In comparison, the pull method has an agent on each host which at a specific time checks for a configuration from a central repository. One of the advantages is security. This method requires the host to connect to a central system. This helps with security concerns because the central system talks with the client via just one port and one user. In the push pattern, the system can have more than one user and port to configure and thus much more to secure. Deciding whether to use a push or pull system requires an understanding of the underlying architecture. A pull-based system is more scalable than a push-based system.

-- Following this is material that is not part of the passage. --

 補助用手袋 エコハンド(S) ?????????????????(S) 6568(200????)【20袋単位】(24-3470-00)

This depends on the configuration of the system. A pull-based system doesn’t rely on only one node to pull down the configuration. This means it is possible to add a number of nodes and scale the architecture. On the other hand, the push system has a central node to manage the nodes. It is not really possible to scale up the architecture compared with a pull system. To scale up the push system, the design needs more than one central node. This means having different parts of the infrastructure, such as getting the configuration from a different server location. This can be, for example, a split based on the geographical area, but this means we need to be sure all of the central nodes have exactly the same configuration. However, this increases the complexity and requires more resources of the push system.

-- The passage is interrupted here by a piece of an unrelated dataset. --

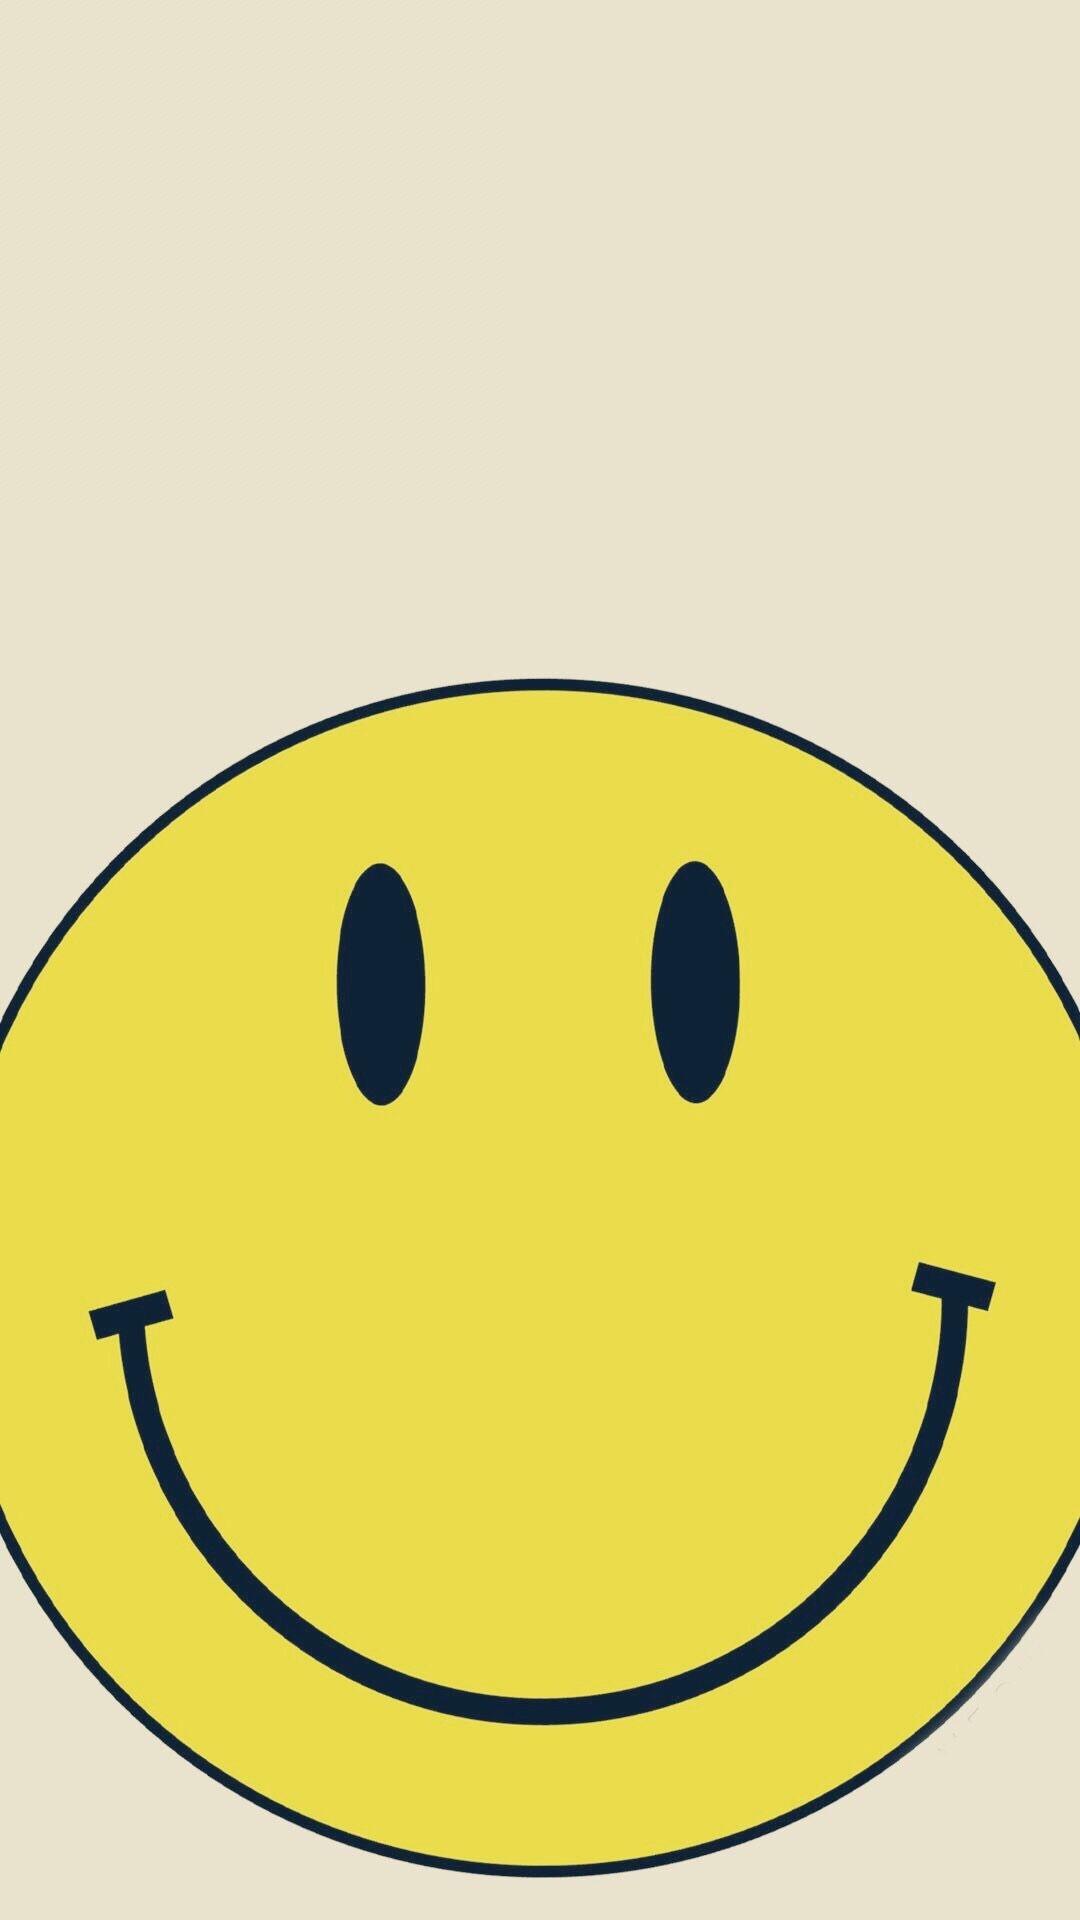 【v粉壁纸】可爱笑脸壁纸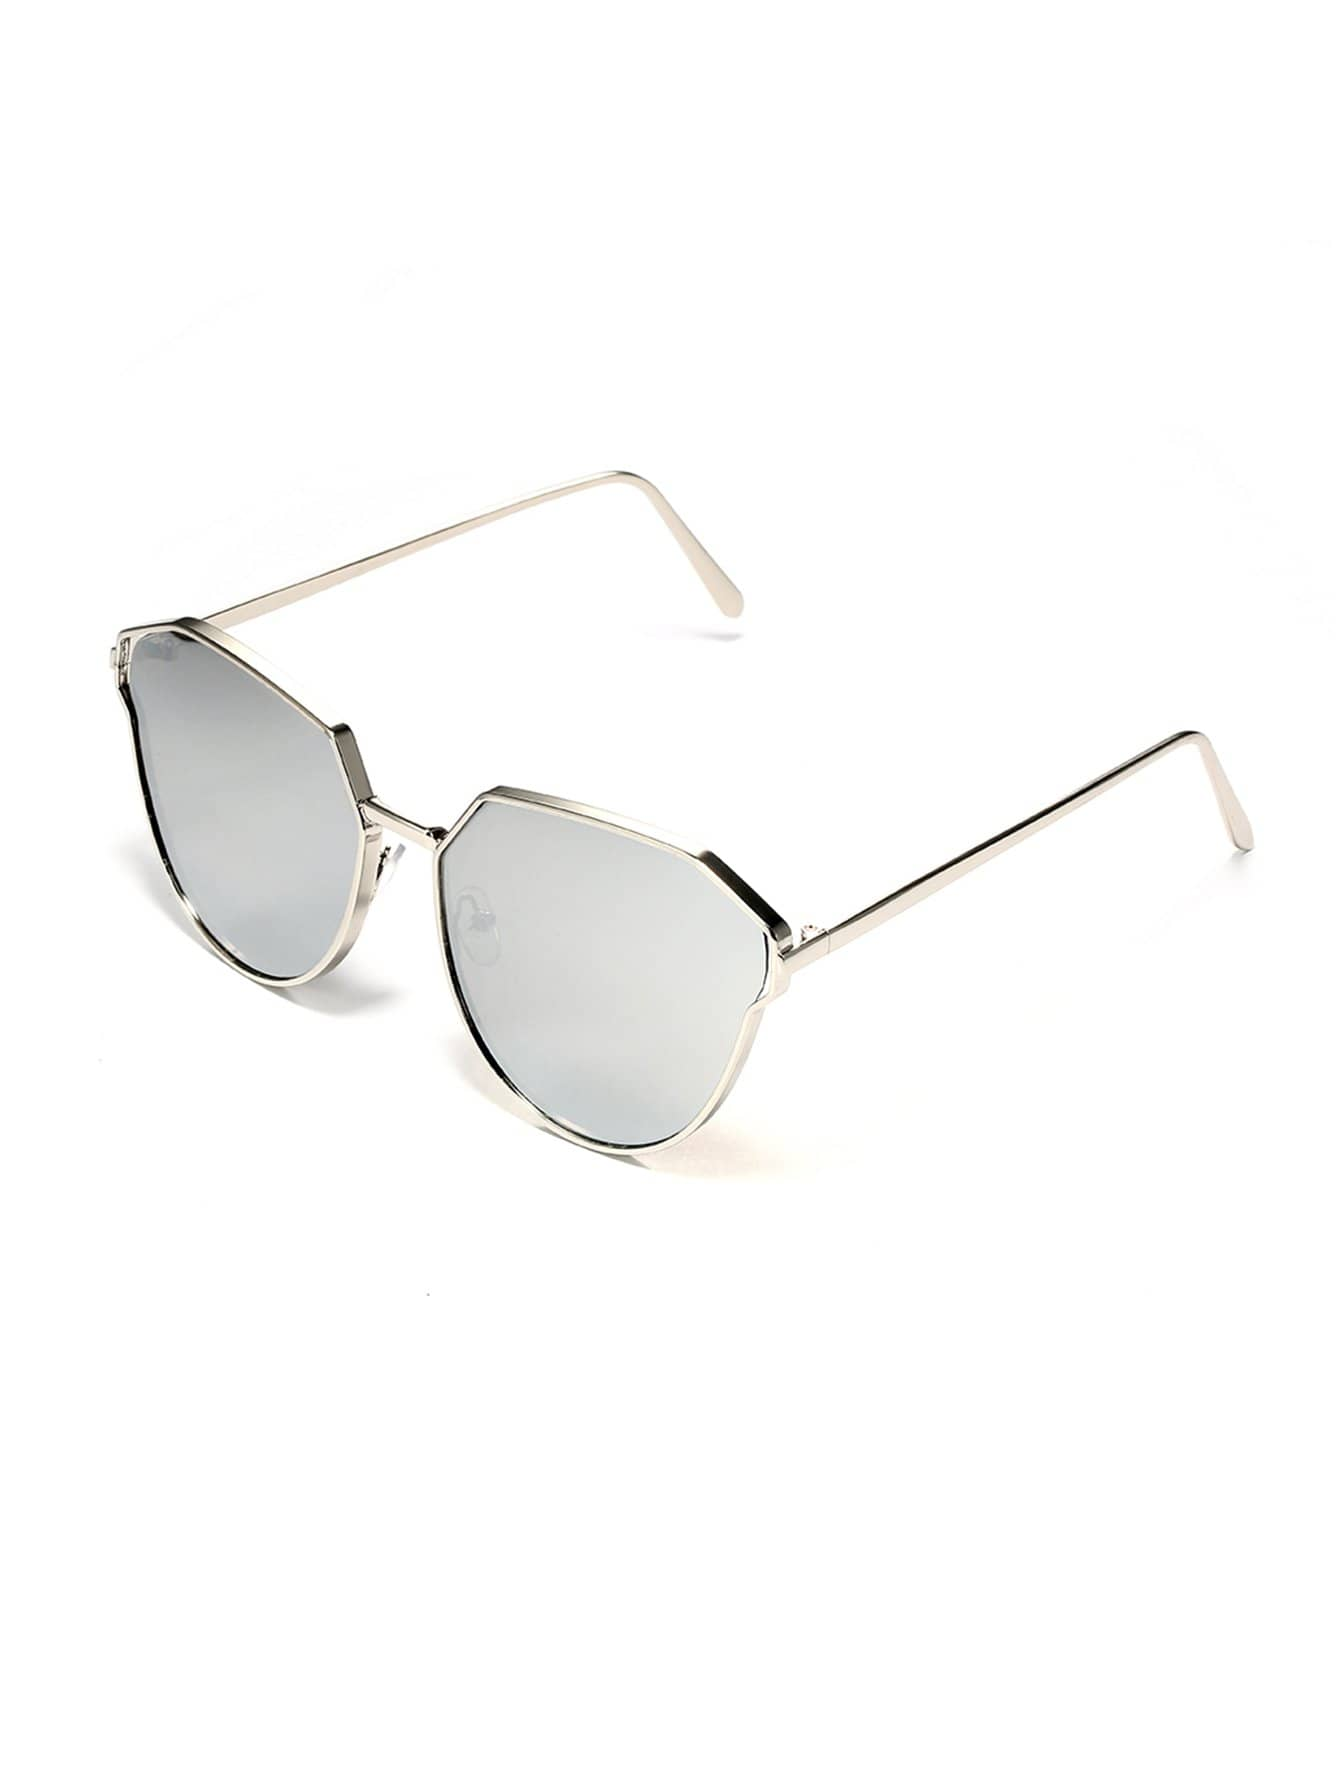 Sonnenbrille mit Metall Rahmen und irregulärer Linse- German romwe

Engineering Practices for IaC

The central caveat behind Infrastructure as Code is to utilize the same principles used for software engineering. The main focus of a software engineer practice is to enhance the quality of the system. This is done following these practices and principles:

  1. To delivery working code at an early stage
  2. To delivery said code in a continuous manner
  3. To build code of a high quality
  4. To build a small piece of code at every iteration in a continuous cycle
  5. To ensure that each release achieves the highest quality
  6. To obtain constructive feedback for every release
  7. To expect change

These principles are inspired by the Agile Manifesto, which drives change and hence the development of Infrastructure as Code. Applying these principles in your IaC development helps you introduce and develop high quality code. The main focus is to improve the quality of the system.

Improving the System Quality

One of the most important engineering principles is system quality. Having good quality is key to having a system that is maintainable and scalable. To build the quality on your system, it is necessary to put in place some practices in your development life cycle:

  1. Use version control.
  2. Unit test the code.
  3. Build a CI.
  4. Comment the code.

These practices are common for software development. In IaC, the quality is improved, which makes the system more stable and easy to scale or maintain. It is easy to commit this practice to the IaC definition since IaC is defined using a file.

Quality of software is not only concerned with the expected response of functions but also with the capacity to maintain code, comment the code, and unit test the code. All of this helps maintain the code for changes or maintenance. To enhance overall quality in the system, all of practices listed above must be utilized at each iteration. The result is to enable fast feedback on each iteration to analyze whether your infrastructure is stable and reliable.

Version control is important (versioning the infrastructure) because the system is a text file. It is easy to version this file in a source control like Git. To have a file under version control enables another engineer to perform a code review. This improves the quality of code and it also disseminates knowledge of the code, inducing a positive discussion.